A nice thistle to honour Glasgow and the Commonwealth Games

Manchester in the murky morning

The Lantern

Inside looking up from doorway

The open windows all look into the Park toward the Hall
Notice the holes in the wall suggesting a floor having been in place so these windows would have been face level. There is nowhere stairs could have fitted so I guess a ladder would have been used to reach the 1st floor.

View from the door direct to Lyme Hall

The Lantern

route: The Lantern; Lantern Wood East Deer Leap; Lantern Wood West to top and Park Moor; High View Point; Bowstonegate Fm entrance.

Path through Lantern Wood

There seem to be a lot of fungi appearing about the park

The menace that is the rhododendron takes over anywhere it can

The sky open as the tree canopy ends at the top of Lantern Wood. 
Park Moor over the wall to right.

Haze over the town with Lyme hall in the foreground

Looking from the high view point over the Park and The Cage. 
Sunny spots highlighting some areas around Stockport.

Topograph at the highest point of the park

Bowstonegate Farm secondary earning stream seems to be hosting aerials

Park Moor across to Sponds Hill

The unmistakable profile of Shuttlingslow from near Bowstonegate Fm.

route: Bowstonegate Fm entrance; Knightslow Wood gate; east along bottom of Moor; Knightslow Wood; top of Lyme Avenue


UPDATE: If you have returned to this post, I had labelled this previously as a 'Buzzard' but with the following rider, "I think this is a Buzzard but if you know better please leave a comment.". 
Ken the Waller has since advised me that it is a Kestrel hovering over the Moor.

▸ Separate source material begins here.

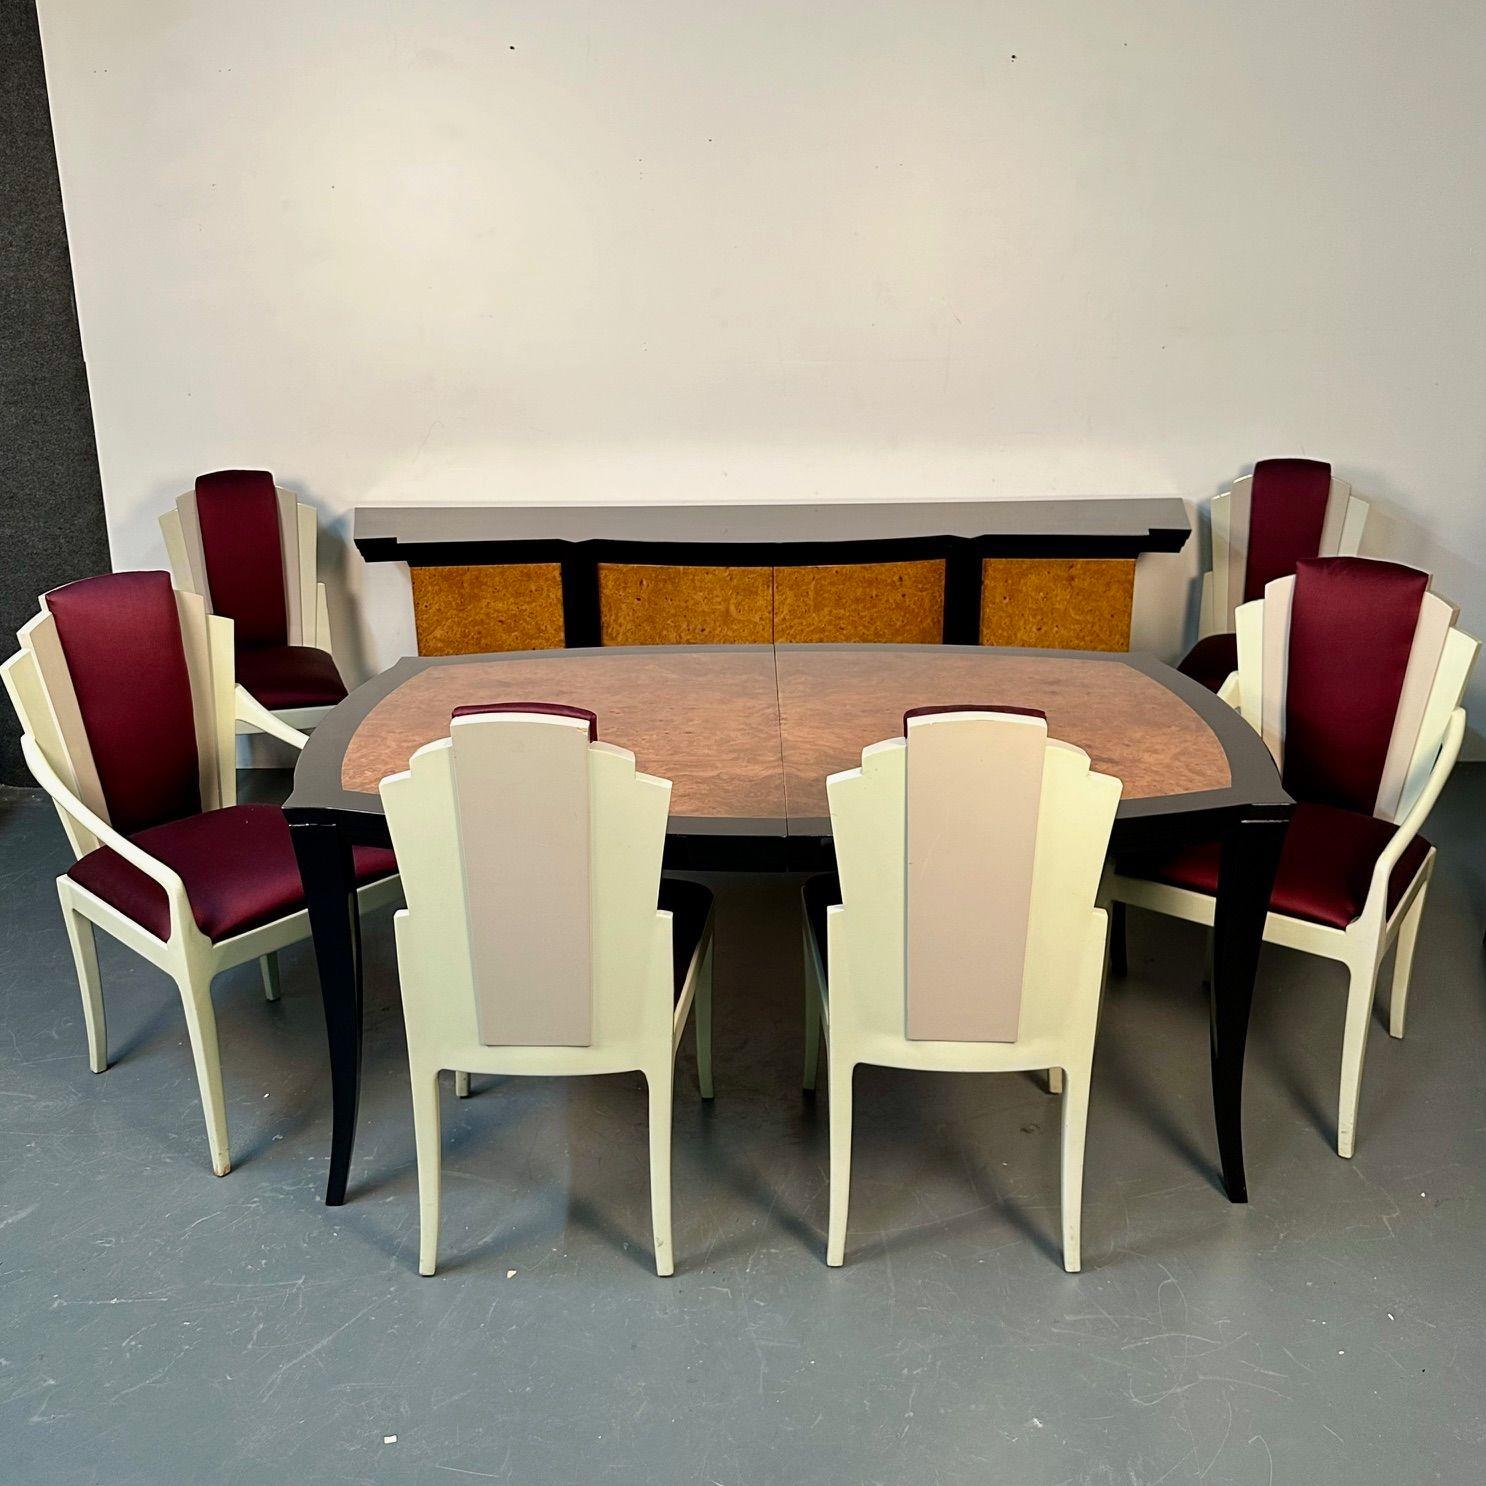 Vladimir Kagan, Mid-Century Modern, Eva Dining Room Set, Maple, Black Lacquer In Good Condition For Sale In Stamford, CT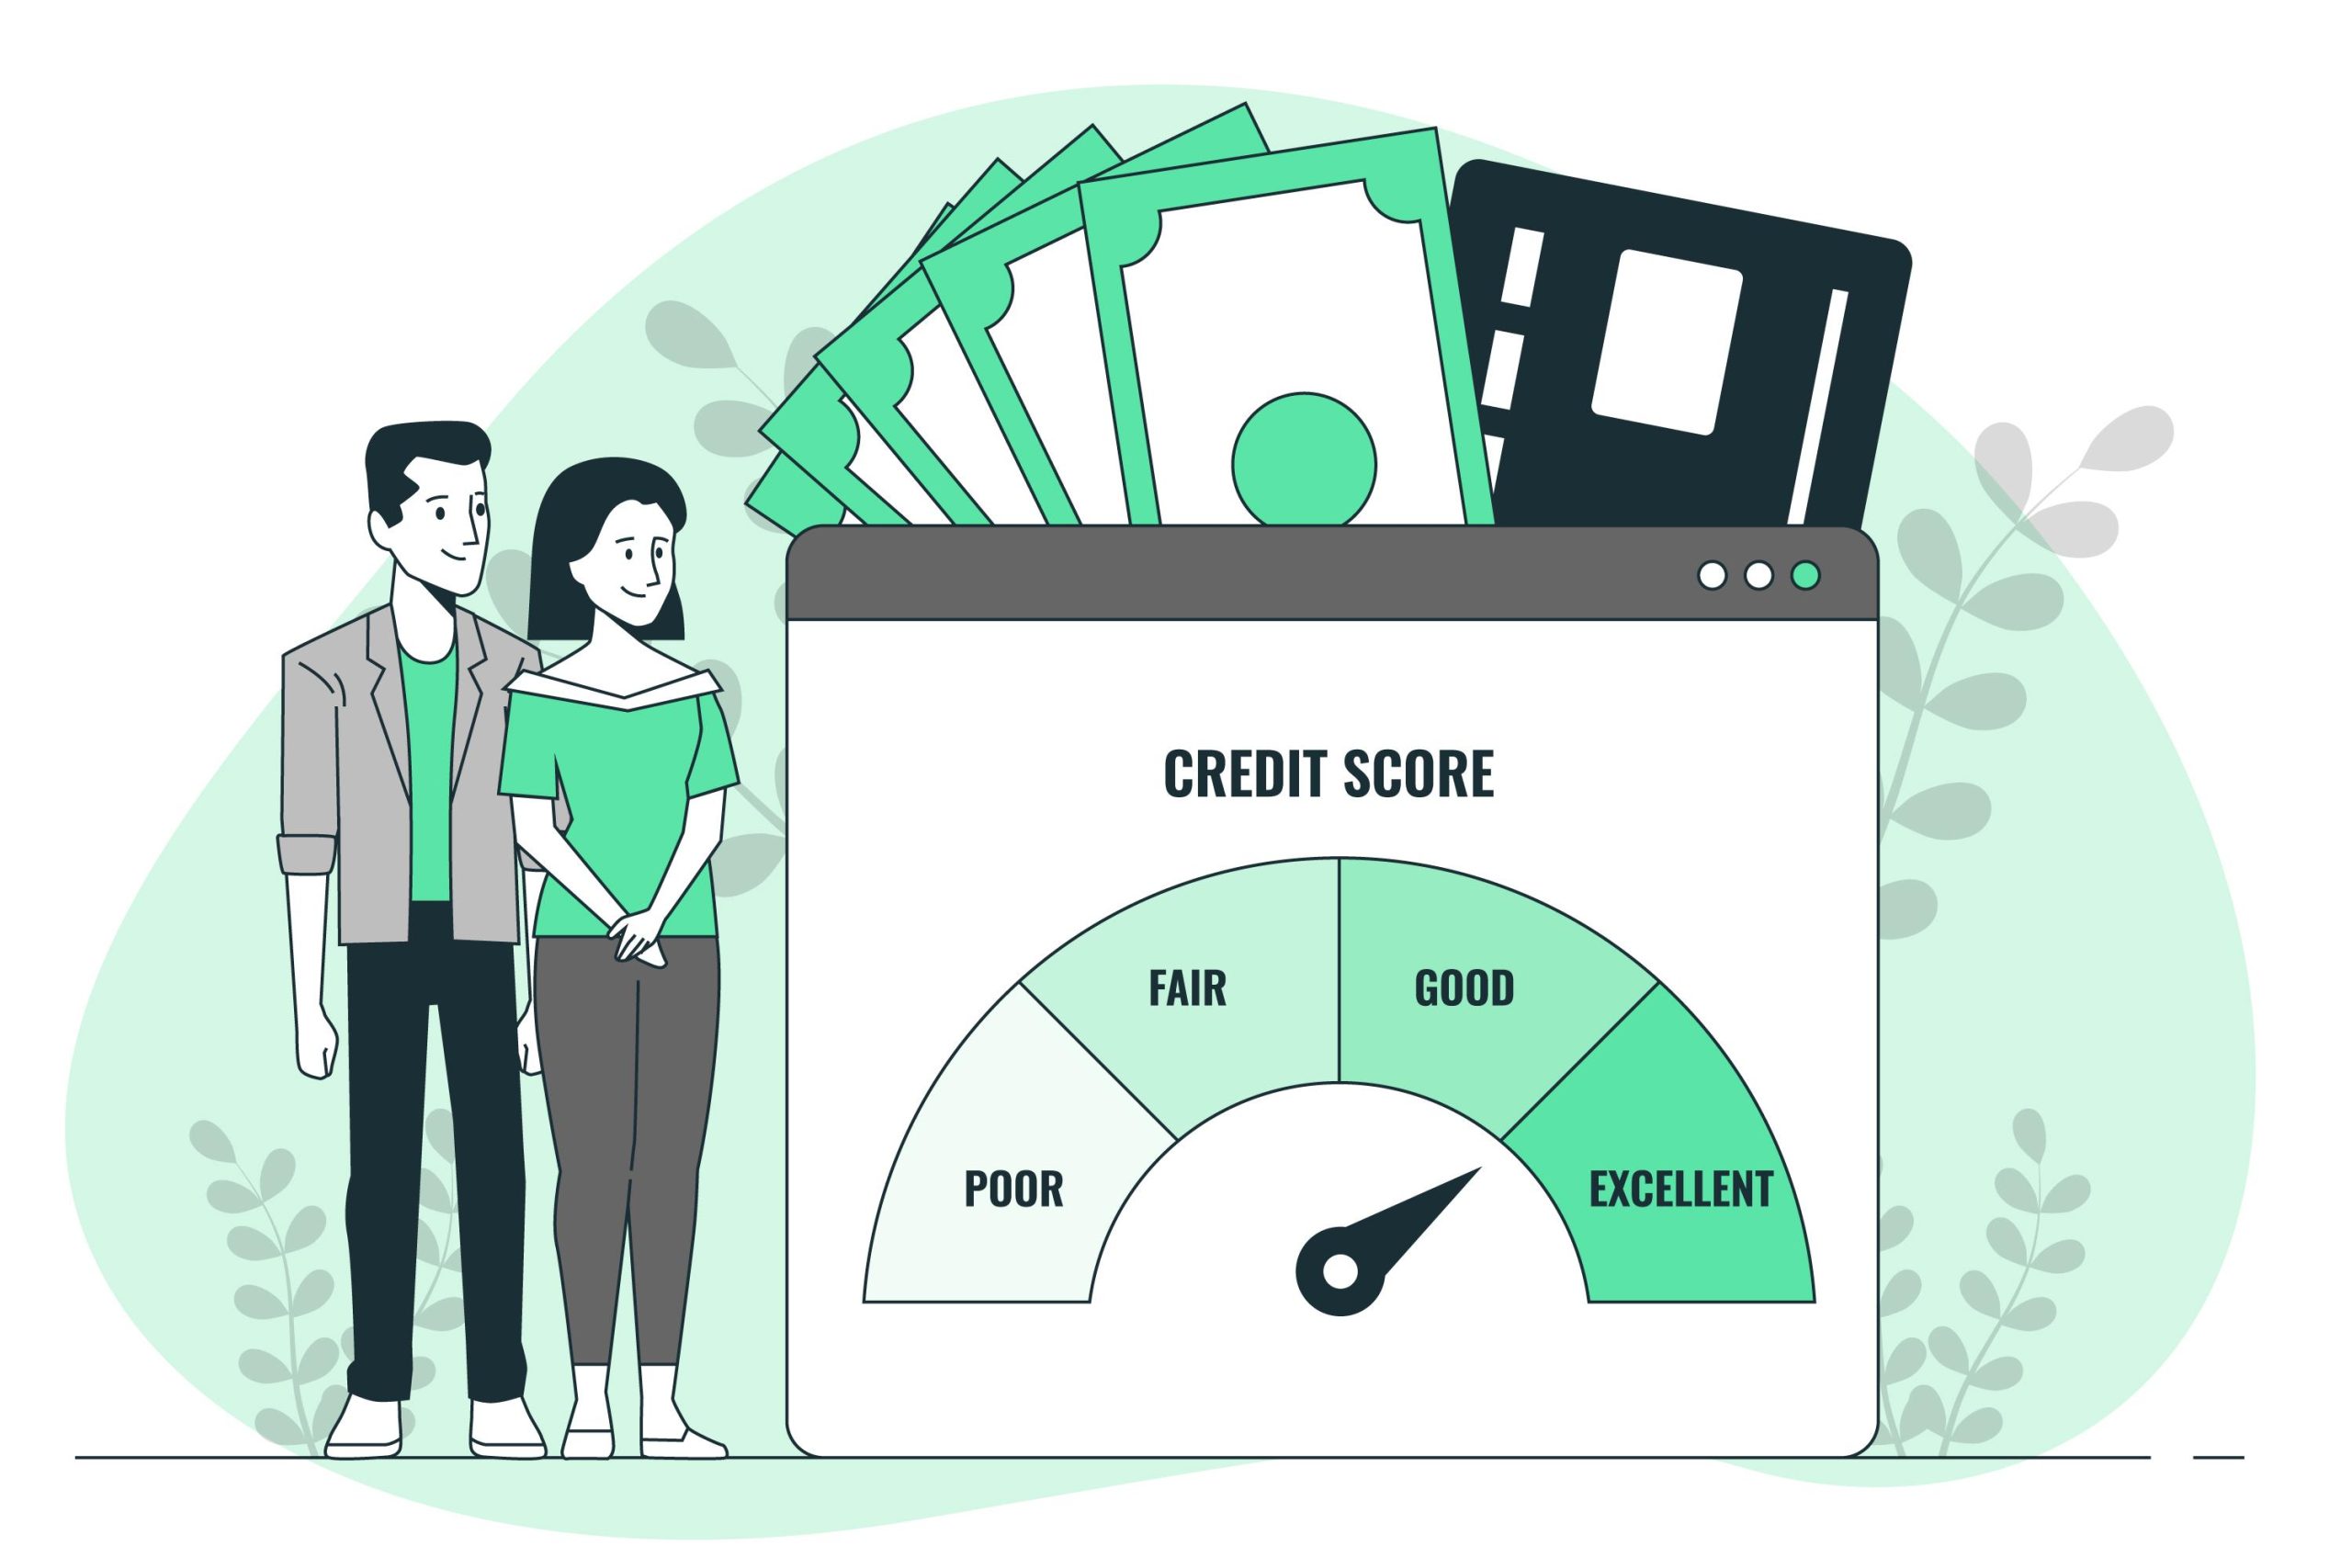 What Is Not a Benefit of Having a Good Credit Score

My puzzlement at the lack of the orange/brown colouring could be that while the adults are feeding their young, they become dull with damaged feathers and under nourishment of them selves. This can result in them appearing dull and 'washed out'. (Thanks Ken)

Kestrel over Park Moor

The Moor Herd deer feed station by Bowstonegate Track has been taken over by the cattle

 Cat's Ear (Hypochoeris radicata)
also known as: 'Catsear', 'False Dandelion', 'Flatweed'

As summer moves on, there are now only a few colourful wild flowers. These include Cat's Ear, Buttercups, Tormentil and Harebells

Moor Herd

The Moor Herd are usually difficult to spot but they are out there. These three shots go from my camera's maximum zoom out to real view.

Full zoom - appears to be a group of Hinds

This is about how the human eye spots them. 
Note the shape of the paler grass when looking at the next picture.

... and this is standard camera view.
The pale grass area referred above is dead centre.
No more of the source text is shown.